Major research and development projects
- 2006-present: Member of the World Wide Web Consortium (W3C) team, leader of the Semantic Web Activity.
- 2001-2006: Member of the World Wide Web Consortium (W3C) team, head of offices and member of the W3C Semantic Web Coordination Group. Developer of some infrastructural tools at the W3C, like the management of W3C Translations, or the management of public W3C Talks.
- 2000: Manager of the Dutch Office of the World Wide Web Consortium .
- 1998-2000: Associated member of the TACIT (Theory and Application of Continuous Interaction Techniques) EEC TMR network.
- 1998-2000: Project leader for the Information Visualization project at CWI (some results of this project has been moved to SourceForge).
- 1993-1997: Member of the ERCIM Computer Graphics Network.
- 1993-1998: ISO/IEC JTC1 SC24/WG6 Premo project (member of the rapporteur group, head of NNI delegation, document editor). This project also led to a full implementation of the Standard in Java.
- 1992-1996: MADE (Multimedia Application Development Environment) ESPRIT III Project 6307 (workpackage manager, project leader for CWI).
- 1990-1993: Manifold (Language for Massively Parallel programming) project (CWI).
- 1988-1990: Dataflow Graphics Workstation system development for the DTN Graphics Engine (project leader for CWI).
- 1986-1988: GKS-3D and CGI Implementation in C for UNIX and MS-DOS (technical project manager, Insotec Consult GmbH).
- 1984-1985: System firmware for the GD85 GKS terminal (SzTAKI).
- 1982-1984: GKS-2D Implementation in C for UNIX and RSX-11 (SzTAKI). Note: this was one of the first complete implementations of GKS Worldwide…
- 1981-1982: Printed circuit board editor for the GD80 Graphics Engine (SzTAKI).
- 1980-1982: Various system software for the GD80 Graphics Engine (SzTAKI), like overlay engines, printing support, etc.
(I of course participated in numeruous other development projects in the past, but it would be way too long to list them here. These are just the major ones.)

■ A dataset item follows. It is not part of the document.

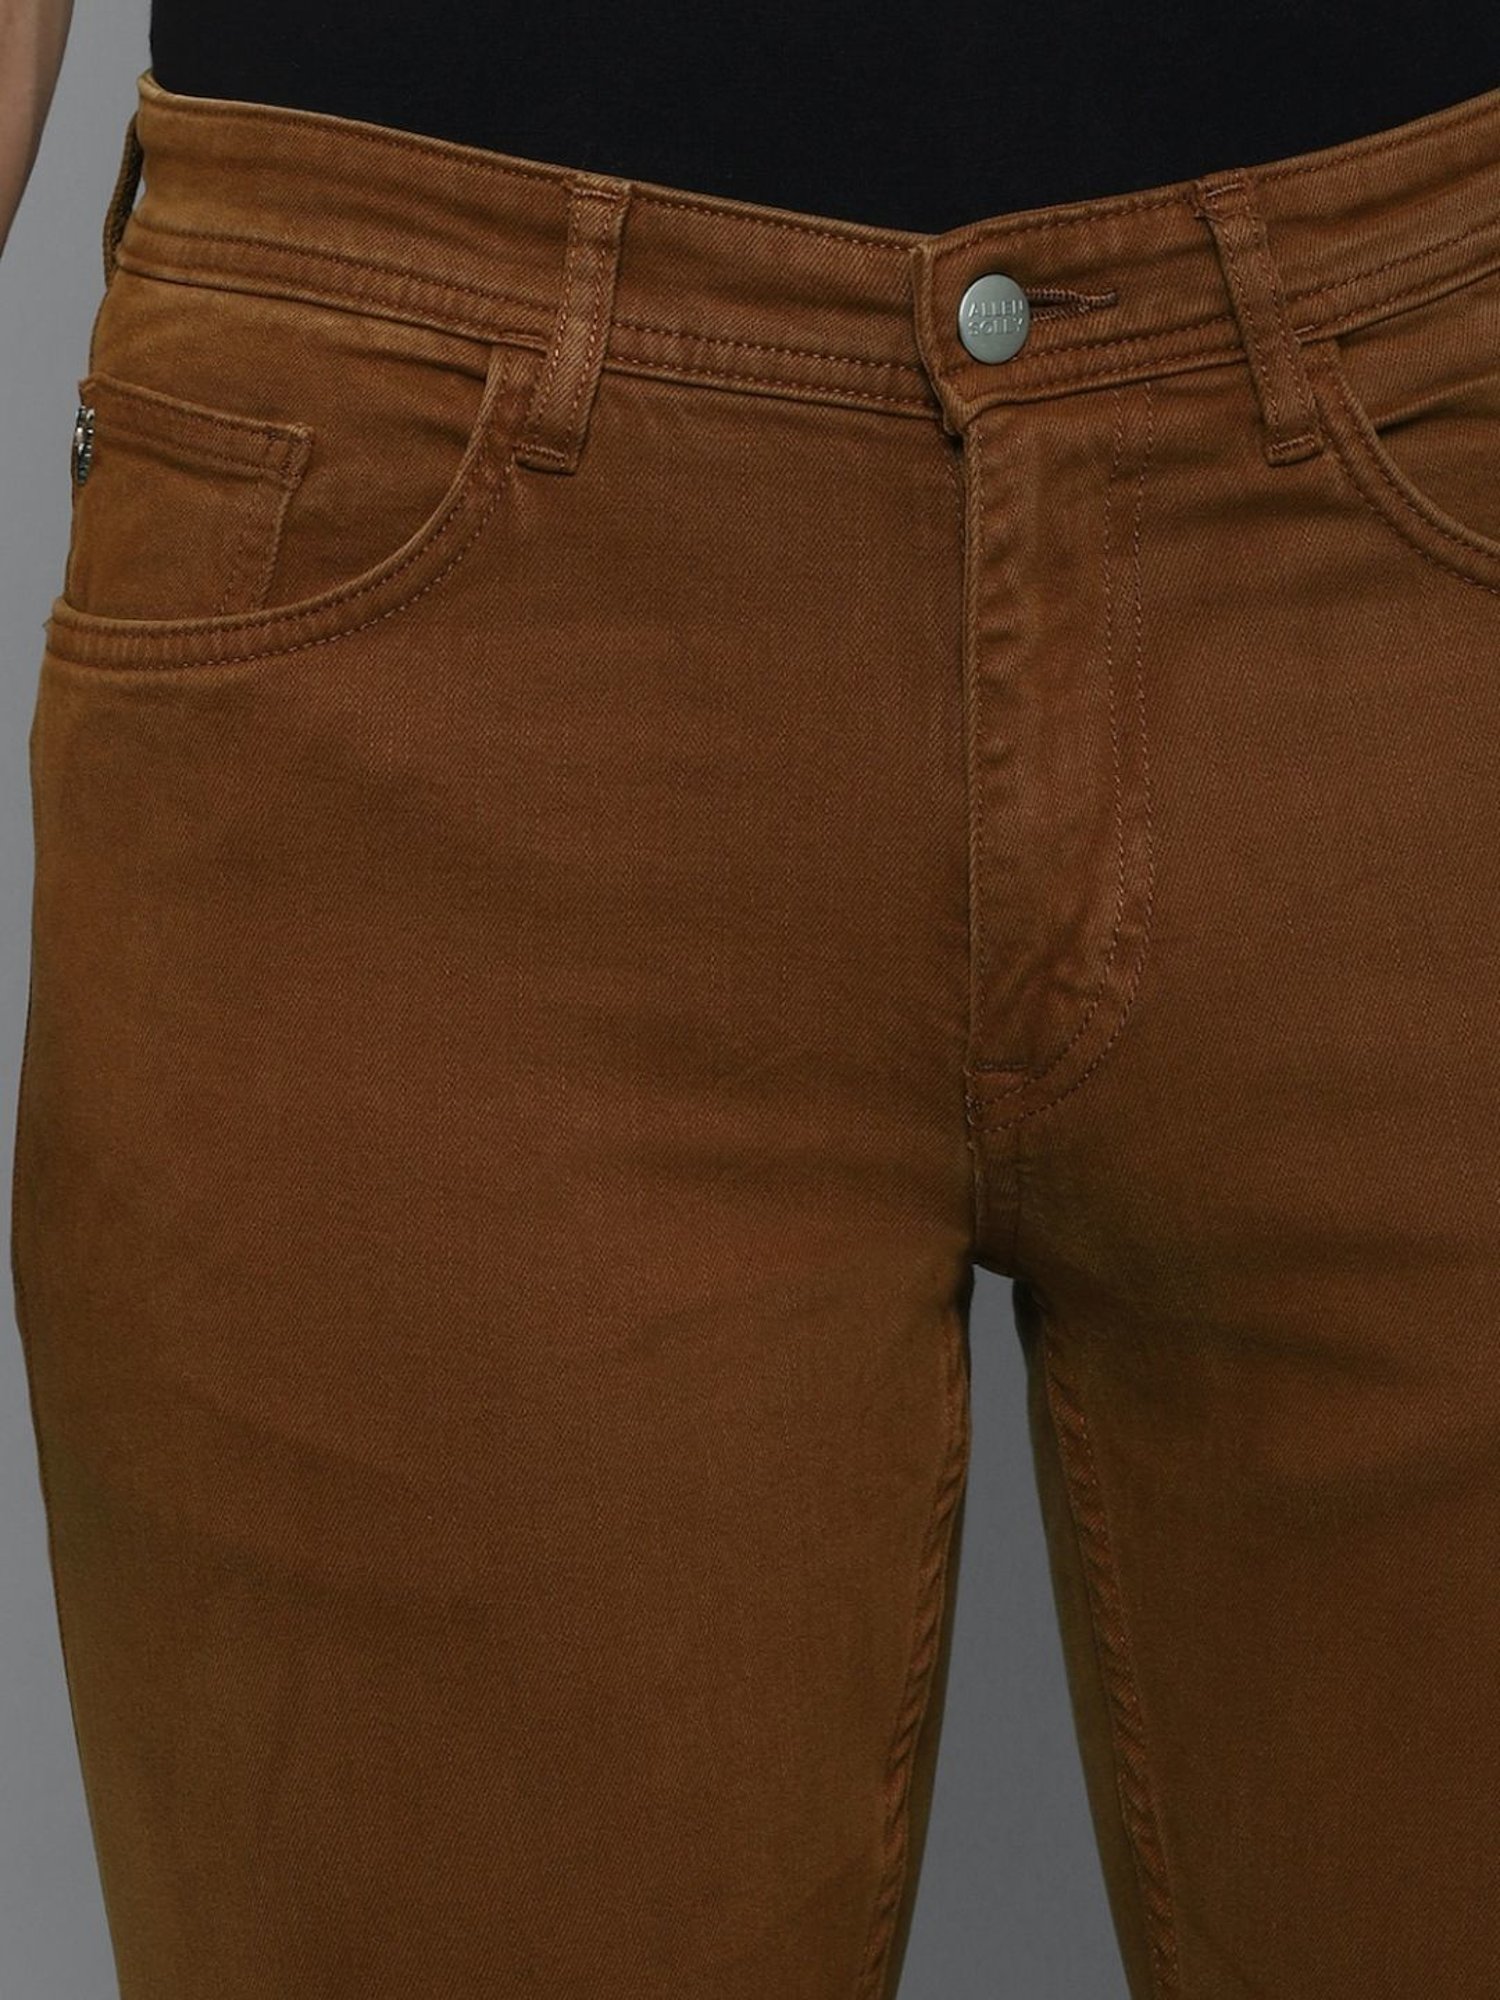 Mens Baggy Pant at Rs 799/piece | Men Regular Fit Pants in Perinthalmanna |  ID: 2851903739512

(Co-)promotor and/or examinator of PhD-s
(Note that I am not affiliated to any university, nor do I have a university title. Participating in PhD work is therefore not part of my usual job )
- L. Costabelleo, Université de Nice, currently ongoing, started in 2010 (Co-promotor.)
- A. Passant, Technologies du Web Sémantique pour lEntreprise 2.0, Université Paris-Sorbonne, 2009. (Co-examinator.)
- M.Sh. Sagar, A Web-based Approach to Engineering Adaptive Collaborative Applications, Oxford Brookes University, United Kingdom, 2009. (Co-examinator.)
- O. Nykänen, Knowledge Agents via Logic Programming and Fuzzy Reasoning, University of Tampere, Finland, 2007. (Examinator.)
- M.S. Marshall, Methods and Tools for the Visualization and Navigation of Graphs (« Méthodes et outils pour la visualisation et la navigation de données relationnelles »), University of Bordeaux, France, 2001. (Co-promotor.)
- J.E.A. van Hintum, Quality Constraints & Constrained Quality, University of Eindhoven, the Netherlands, 1997. (Co-promotor.)
Major contributions to (open source) software
- SPARQLWrapper, a wrapper around a SPARQL service for Python. Moved to SorceForge, under the watchful eyes of Sergio Fernandez and Carlos Tejo, who is now, essentially, maintaining the package. It has also become part of the standard Debian distribution.
- pyRdfa, an RDFa 1.1 distiller on top of Python’s RDFLib package. The module is also deployed as an online RDFa distiller service. This software will soon be added to the core RDFLib distribution as an RDFa 1.1 parser plugin.
- pyMicrodata, an Microdata to RDF software on top of Python’s RDFLib package. The module is also deployed as an online Microdata to RDF distiller service. This software will soon be added to the core RDFLib distribution as a Microdata parser plugin.
- SPARQL engine for Python, included in the latest release of the RDFLib package (a public domain RDF library for Python) developed by Daniel Krech. Michel Pelletier and Chimezie Ogbuji added an SPARQL Language parser, too, yielding a SPARQL implementation for Python.
- OWL RL module on top of Pythons RDFLib. The function in the module calculates the Closure graph, following the specification of the OWL 2 RL profile. This software is also at the basis of a RDFS and OWL 2 RL generator service.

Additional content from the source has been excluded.